Not really unfortunately, I don’t see how to mix cheetah with my java command…
It seems a bit complex from what I have red in the Documentation.

I understand the constraint about meeting Galaxy coding standards, but we only need a Path info (not modifying galaxy way of working…).

I’ve seen parameter like get_working_directory or $output.extra_path_file, wouldn’t it be possible to have it this way ?

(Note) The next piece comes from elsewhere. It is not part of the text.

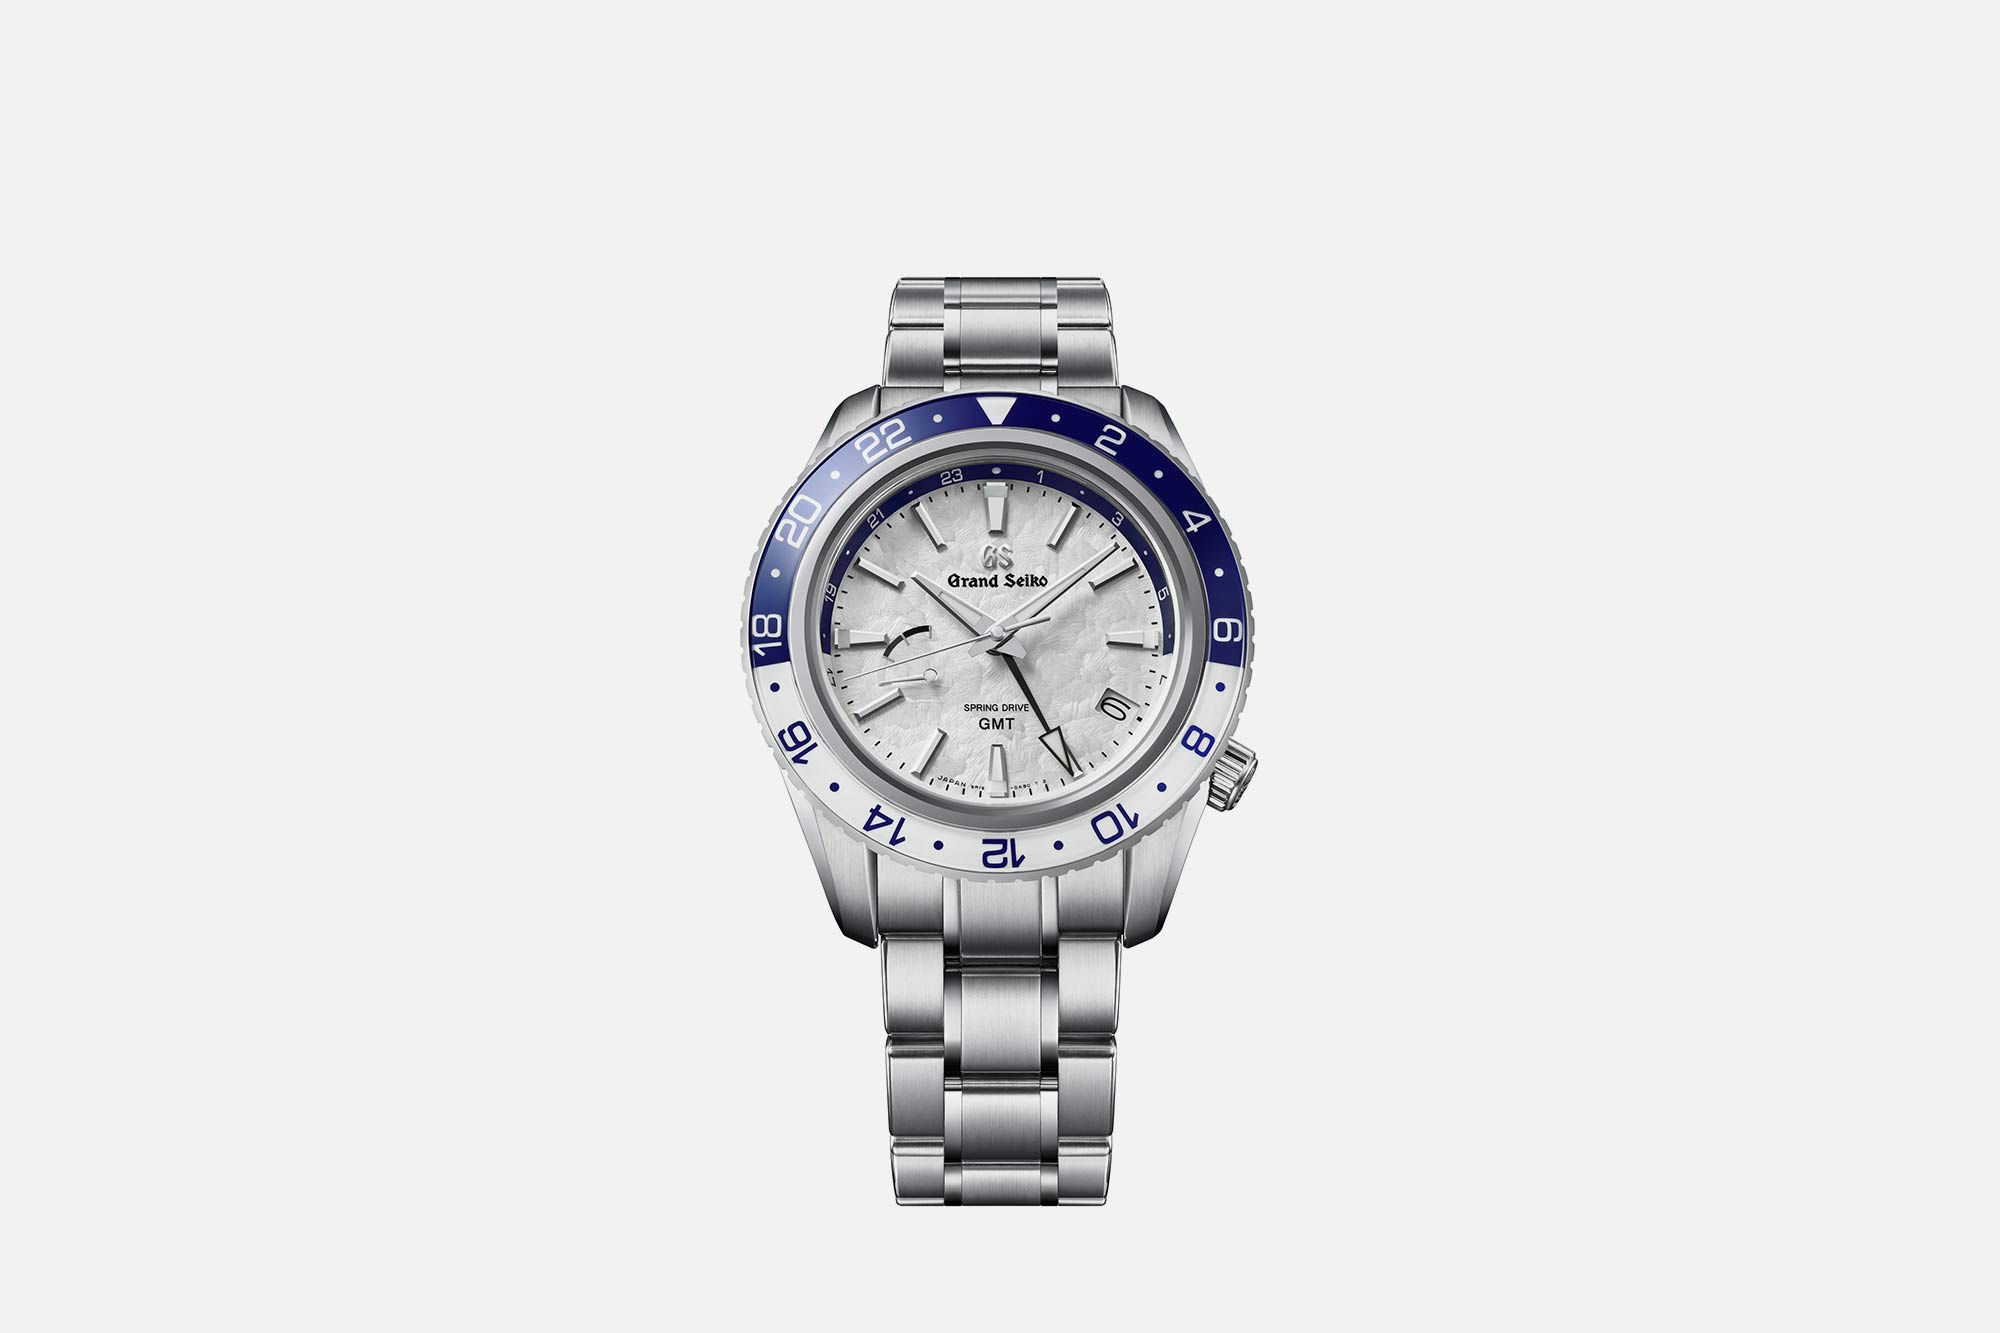 Grand Seiko Celebrates Twenty Years of their GMT with a New Limited Edition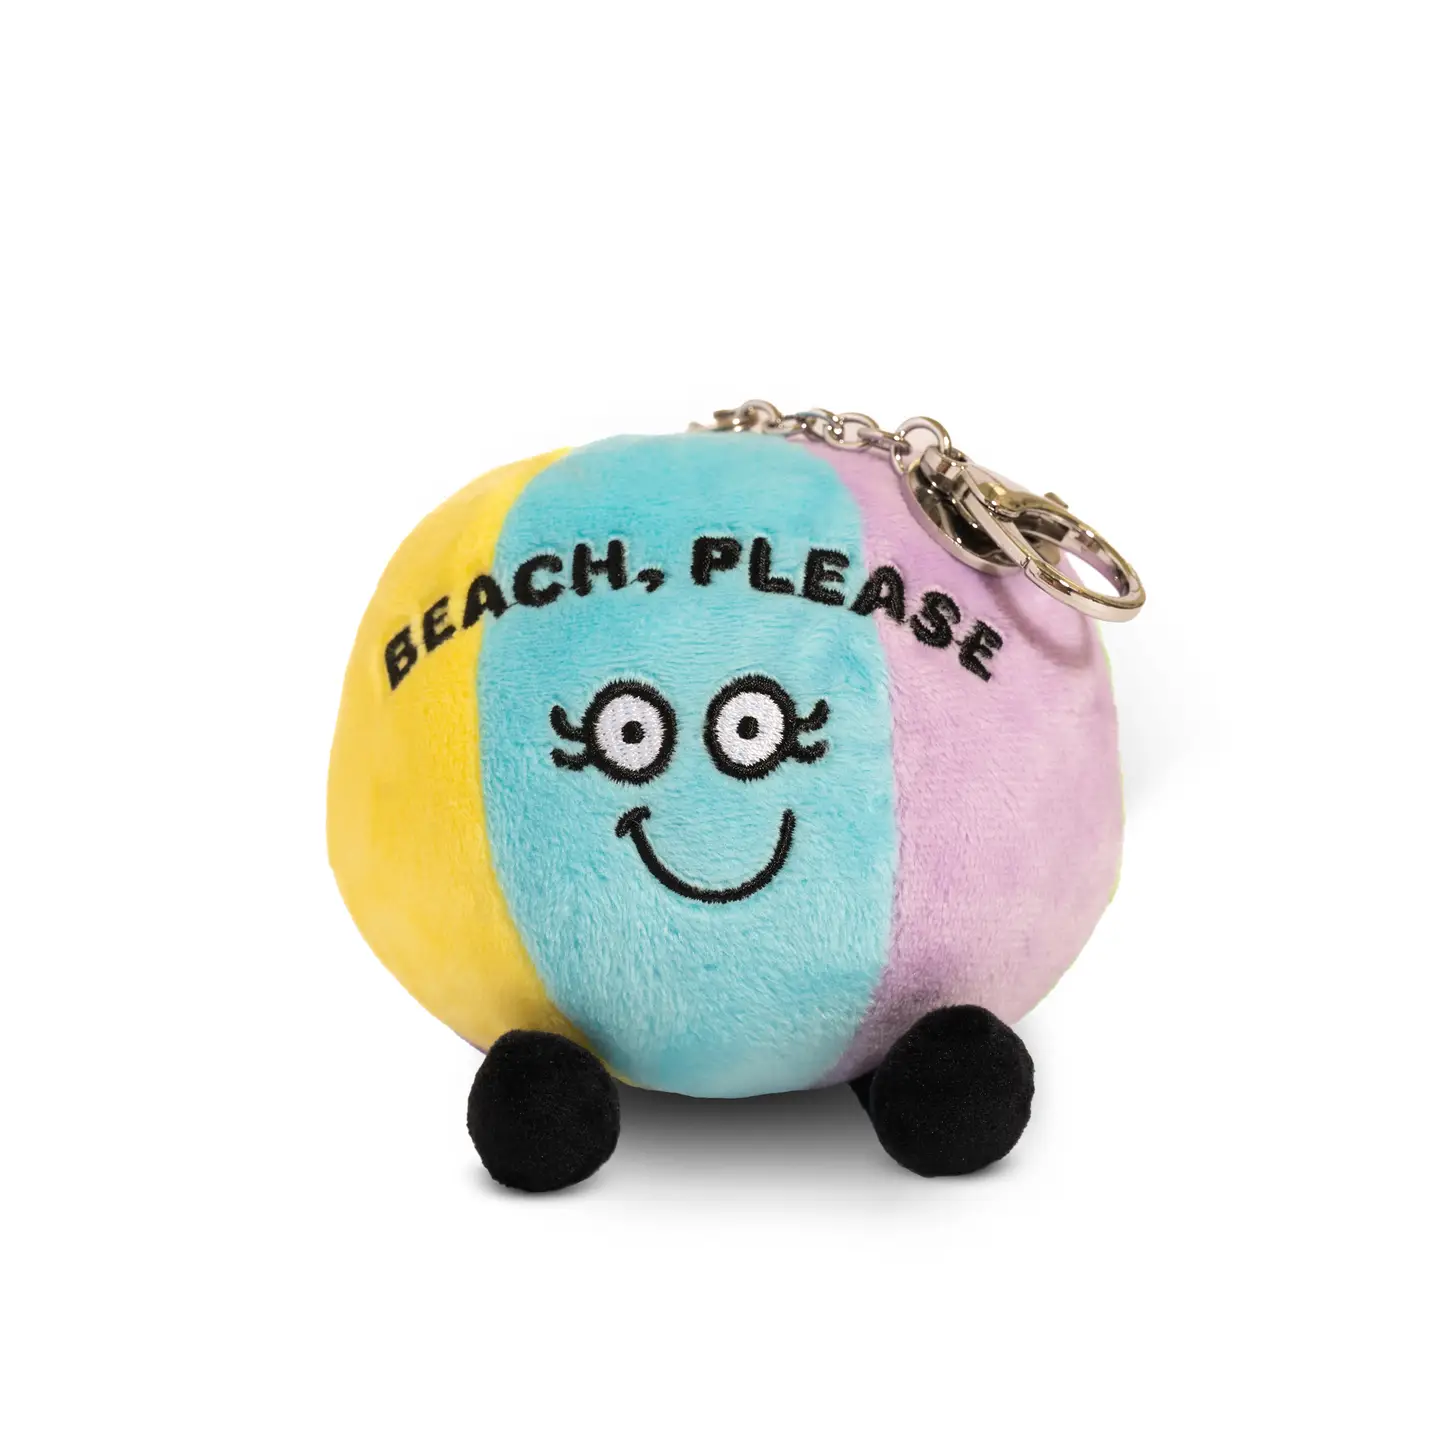 Beach, please! This bag charm is so cute, she’s shore to make a splash! Her flirty eyes, sweet smile, and dangly legs make her impossi-ball to miss. She’s the perfect accent accessory for any purse, bag, or backpack.

I gave this answer ones to someone else and maybe it can also apply for you. Move your java command to a bash file. In the bash file create a temporary folder, move the input file to that folder and execute the java command. Then move the output files to the galaxy output location variables en remove the temp folder.

2 Likes

Seems that the program expects some directory as input and not a file.

Possible workaround

mkdir input
ln -s $corpus input/corpus

then use input instead of the $corpus as parameter value for the program.

2 Likes

Hi,

Thanks for your feebacks.

As expected according to Docs, we have no other choice but to use a wrapper in order to be able to give a dir path param to the tool (a Directory input type or a property such as $input.directory_path would be nice to add to Galaxy).

So as @gbbio proposed, we’ll have to add in a bash file which interprets the arguments and plays around with $input’s path => It seems do-able and I’ll give it a shot and tell what…

Also, I was wondering about

This is a batch mode input field. Separate jobs will be triggered for each dataset selection.

With symlinking processed files (say 3 files) to my temp folder,my tool will process redudantly 2 files among 3 (as all the files foud in the temp folder are processed by the Tool) , whose purpose is to process many files at a time to generate a whole Terminology…

Thanks.

This workaround is not a good one (or I don’t fully understand it and corrent me if I am wrong). If you use the input variable or a fixed “input” name to create the folder is will go wrong if the user executes the tool twice while the first time is still running.

Lets say you run the tool twice at the same time with the same input but with a different language setting. Then the temp files of both processes will be written to the same folder, and it can be that those files even have the same file name. So the output of the different parameters will be mixed together. You need something that gives the folder a unique name per process.

Its safe. Each job gets its own job directory.

1 Like